##### Record extracts
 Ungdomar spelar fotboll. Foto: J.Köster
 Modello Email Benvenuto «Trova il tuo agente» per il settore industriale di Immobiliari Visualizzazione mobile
##########
##### Record extracts
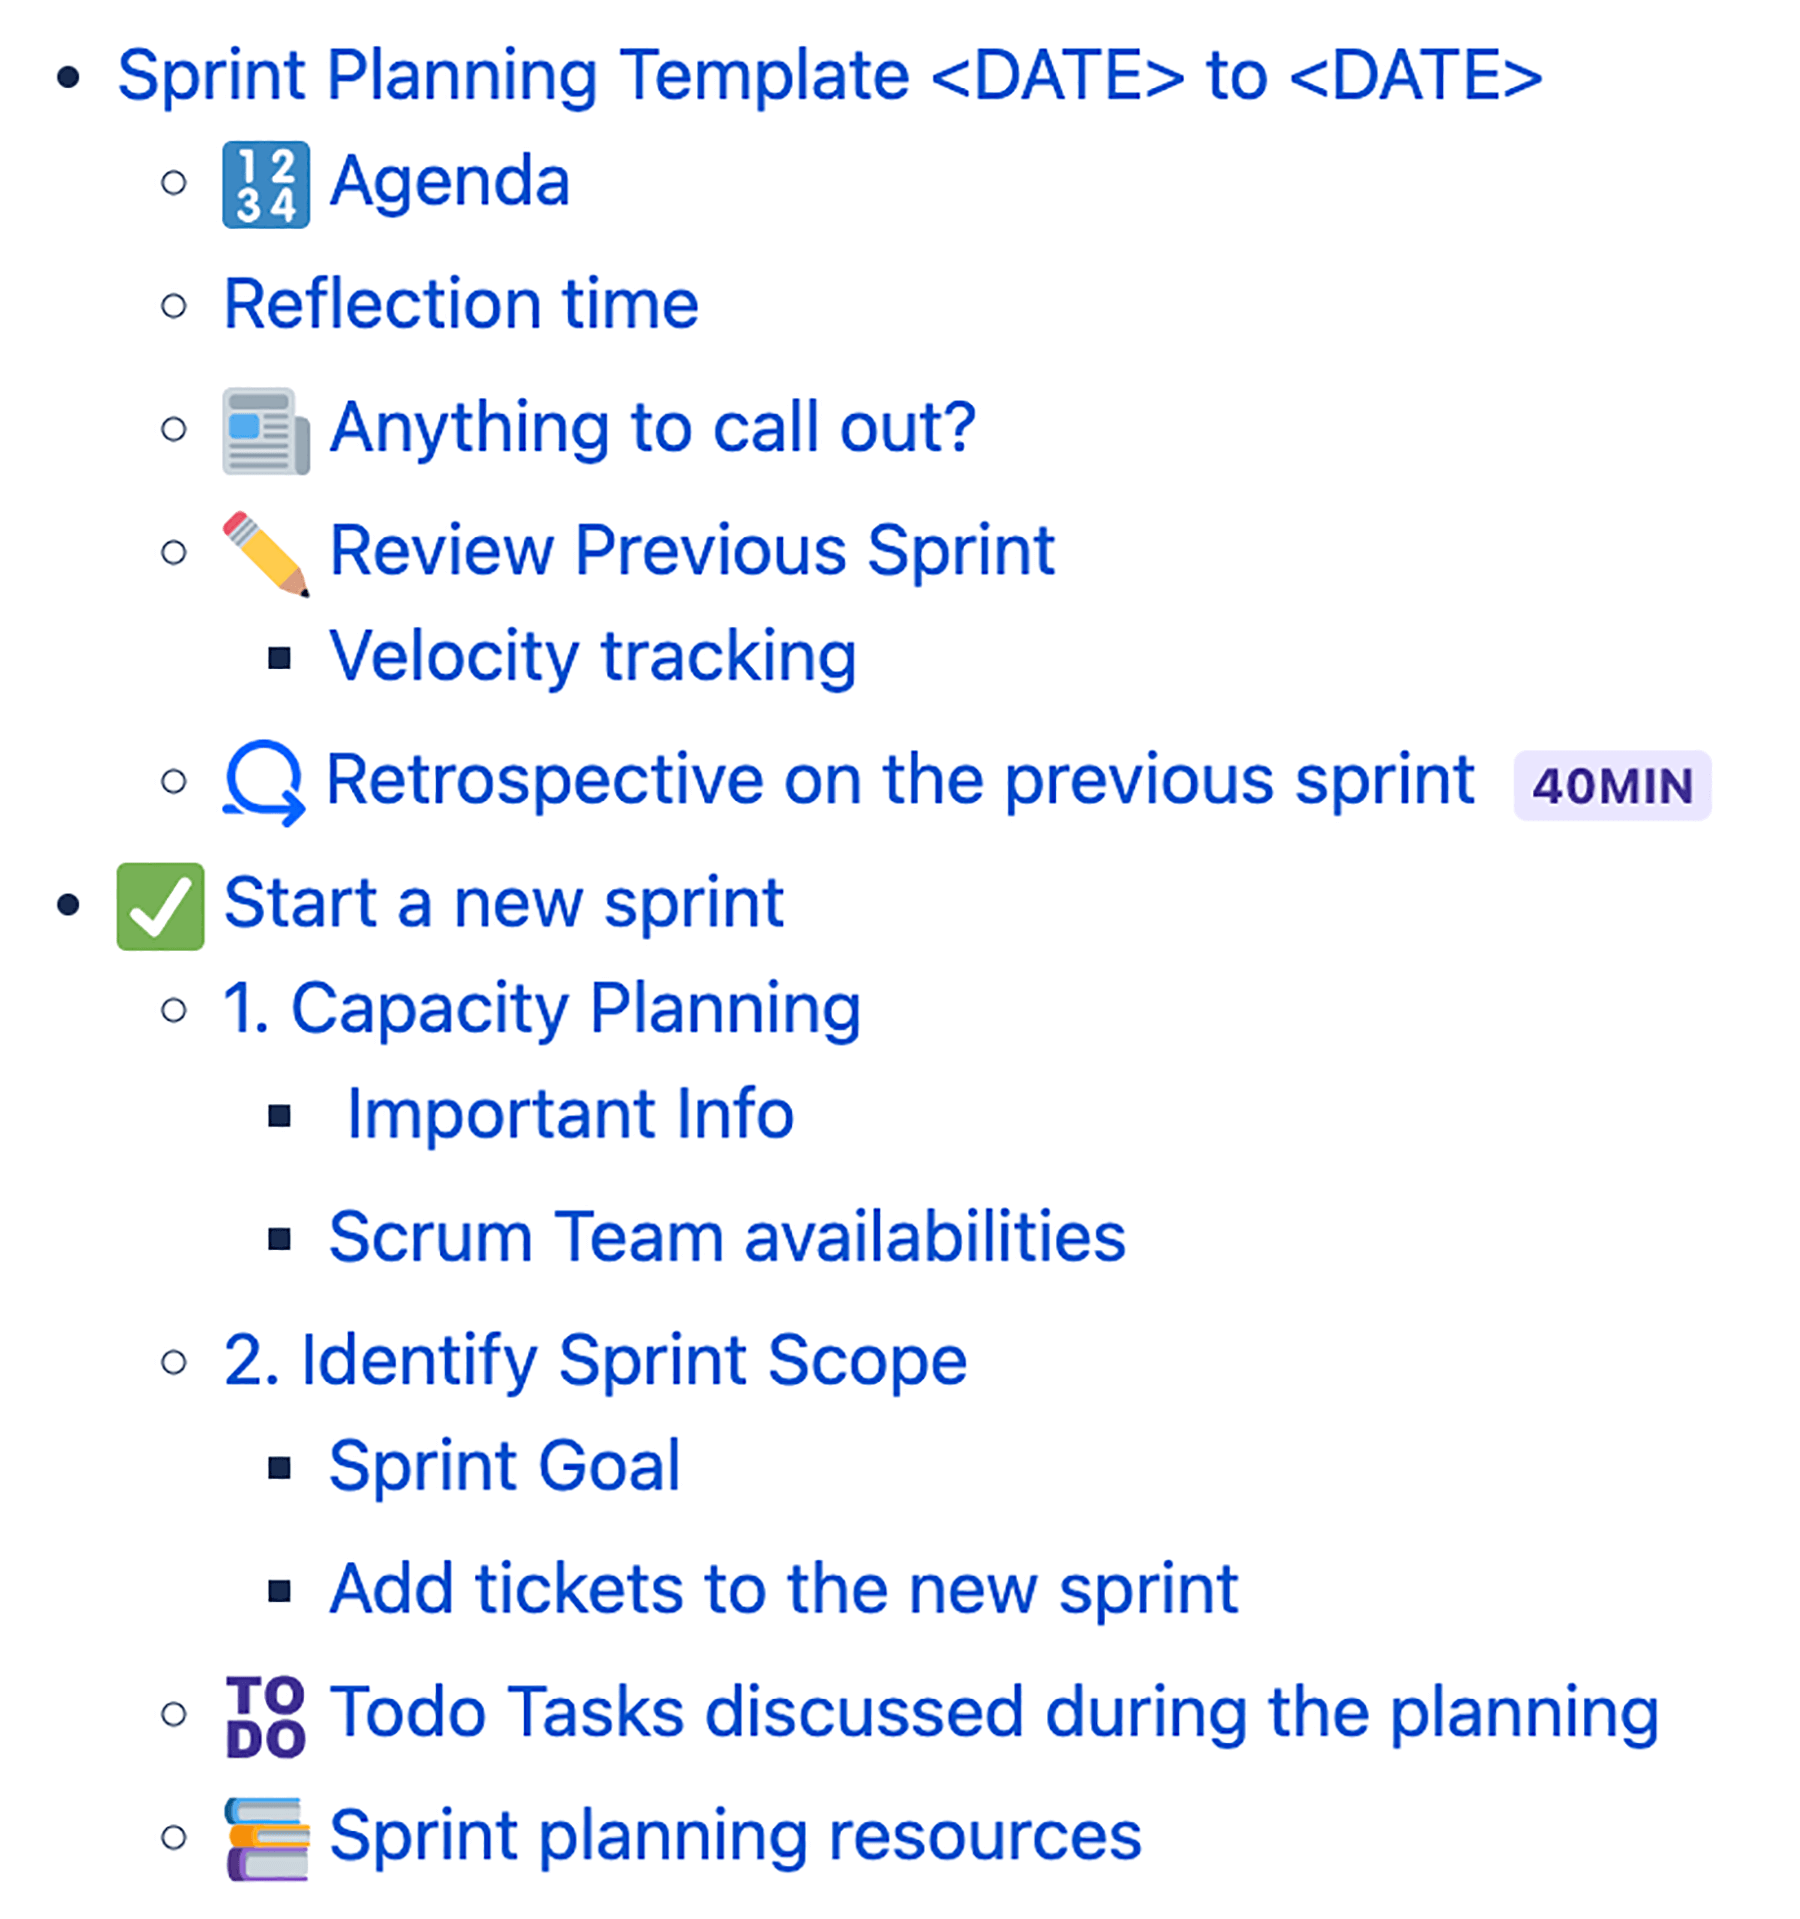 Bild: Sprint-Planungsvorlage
##########
> What the task asks
Going back to the entries above, set down exactly the lines that begin at the one with "Ungdomar spelar fotboll. Foto: J.Köster" and end at the one with "Modello Email Benvenuto", both included, and nothing else.

> Result of this exercise
 Ungdomar spelar fotboll. Foto: J.Köster
 Modello Email Benvenuto «Trova il tuo agente» per il settore industriale di Immobiliari Visualizzazione mobile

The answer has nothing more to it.